Owens’ finances took another hit when a friend of his methodically drained one of his bank accounts of more than $270,000. Owens also admitted his judgment in women cost him millions. In particular, four women whom he paid a total of $44,600 a month in child support for his four children, ages 5 to 12. He never even dated the women. 

Owens has learned from mistakes and advising others

Today, Owens appears to be a changed man and has learned from his costly mistakes. He now offers advice to other young NFL players in hopes they won’t follow the same path, which has drained him of most of the $80 million he earned during his playing days.

He said one of the first tenets he teaches is not to live beyond your means. He said too often players get sucked into wanting expensive cars and flashy jewelry just because others are doing it. That’s really irresponsible and he sees that now.

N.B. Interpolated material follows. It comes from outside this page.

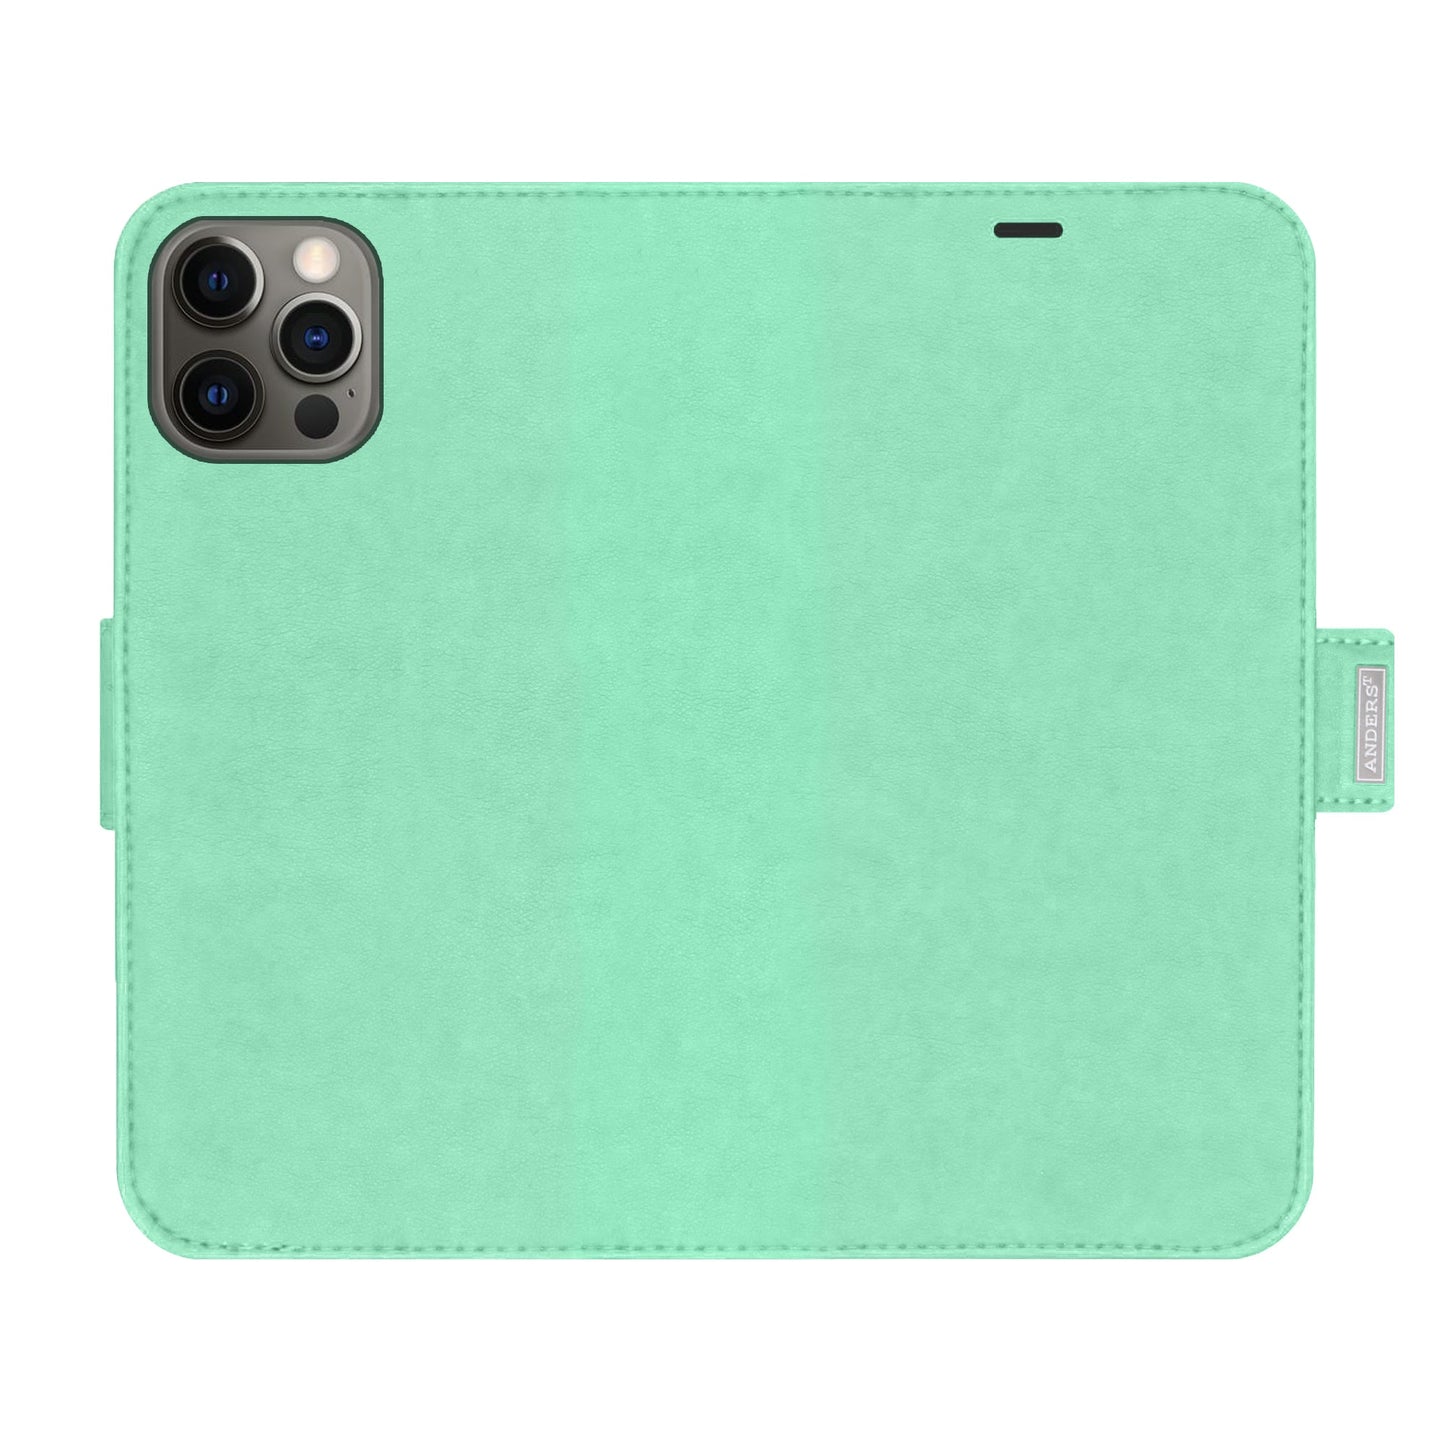 Uni Mint Victor Case for iPhone 12 Pro Max

Terrell Owens said the main thing he recommends is to avoid putting too much trust in someone else with your money. Whether it’s financial advisers or friends, Owens said it’s incumbent on the individual athlete to stay involved with the financial decisions, and that means actually understanding where the money is going and how it’s being used.

In the end, it appears after all these years, the Hall of Famer finally understands with those big-money contracts come big-time responsibilities, and he’s doing his part to help others. Unfortunately for him, it comes $80 million too late.